Ausgelöst durch plötzliche Verlusterfahrungen (Trennung oder Tod von Angehörigen) oder tiefgreifende Lebensveränderungen (Wechsel von Arbeit, Lebensraum etc.) leiden jene Menschen an intensiven Gefühlen wie Ohnmacht, Erschöpfung, Verzweiflung und Ausweglosigkeit.

Die Konfrontation mit akuten Krisen und Suizidalität sowie die Aufgabe, die Betroffenen angemessen zu unterstützen, stellt oft auch für die Helfer:innen eine hohe Herausforderung dar.

Dieses Seminar bietet die Möglichkeit, sich mit der spezifischen Dynamik von Krisen vertraut zu machen und die Prinzipien der Krisenintervention in verschiedenen Anwendungsfeldern kennen zu lernen.

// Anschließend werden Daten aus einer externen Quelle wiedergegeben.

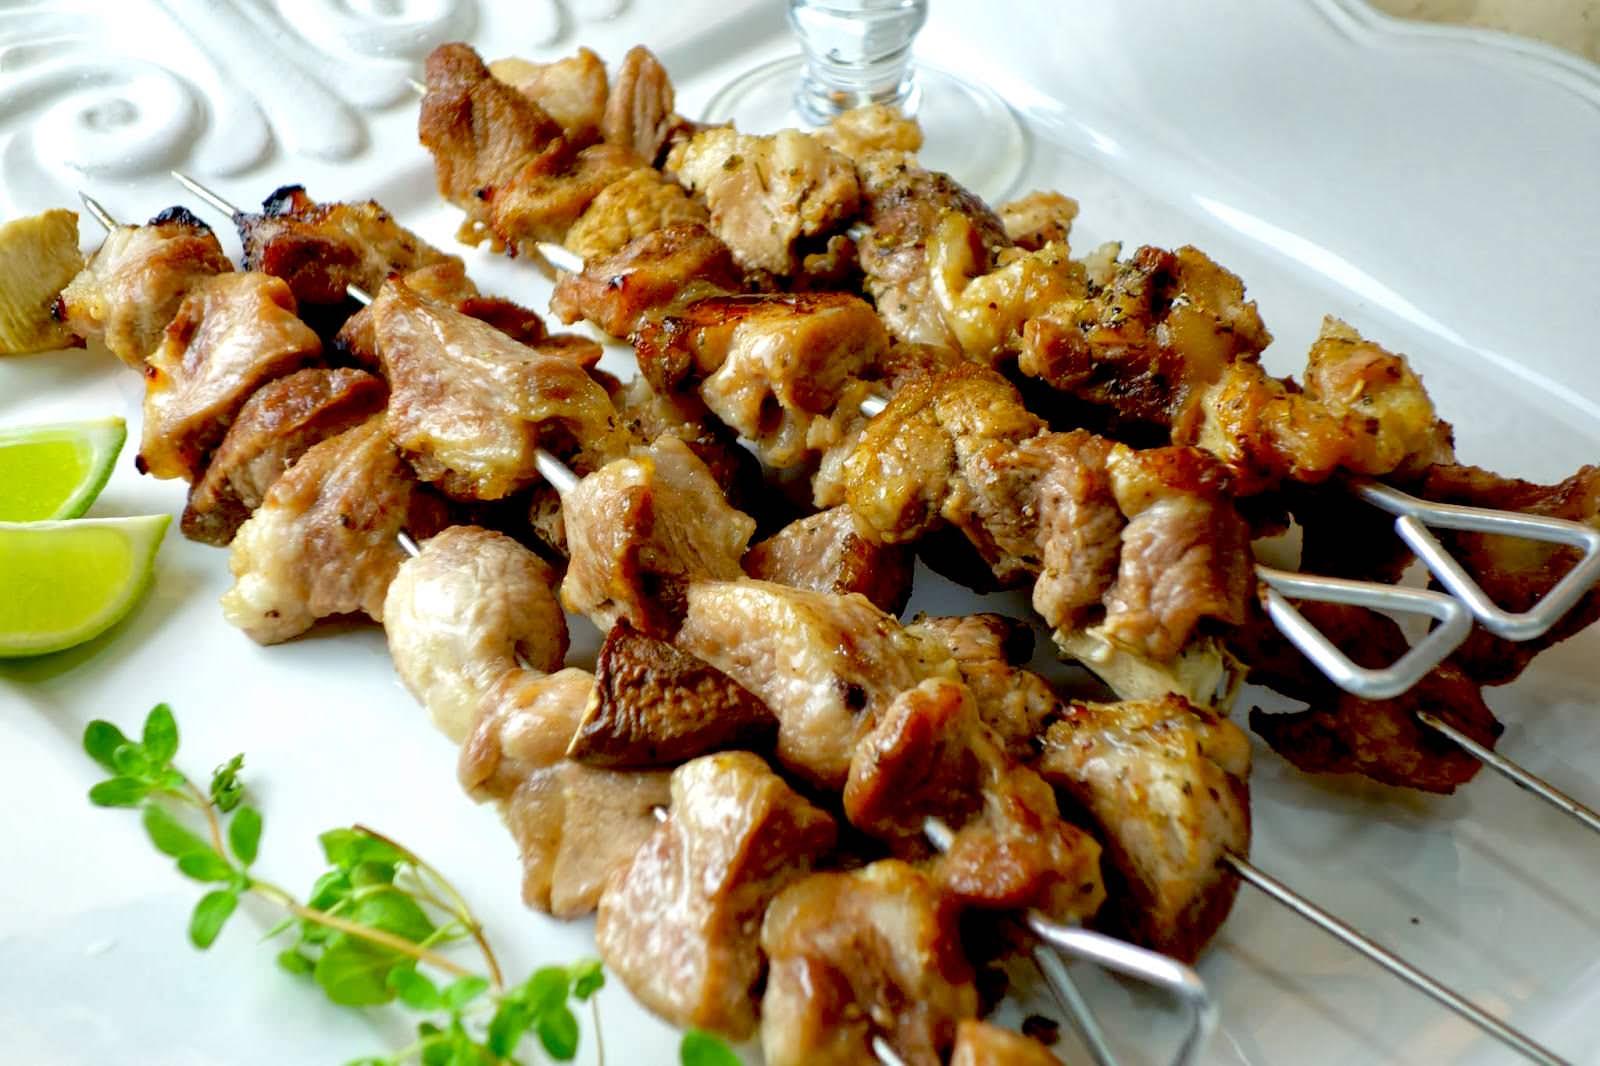 自製美味多汁的「鹽麴串烤豬肉」有什麼秘方?一個烤箱就能搞定的美味大餐!

In der Diskussion werden die Möglichkeiten und Grenzen von ambulanter Krisenintervention aufgezeigt.

Themenschwerpunkte:

  • Verlaufsformen von psychosozialen Krisen und deren spezifische Gefahren (z.B. Suizidalität)
  • Interventionsformen bei akuten Krisen
  • Einschätzung von Suizidalität, Umgang mit suizidalen Menschen

Zielgruppe:

Alle interessierten Mitarbeiter:innen im Klient:innenkontakt

Referent

Mag. Gerald Tomandl

Klinischer Psychologe, Psychotherapeut (ÖAGP), seit 1992 Mitarbeiter im Kriseninterventionszentrum Wien sowie in eigener psychotherapeutischer Praxis tätig.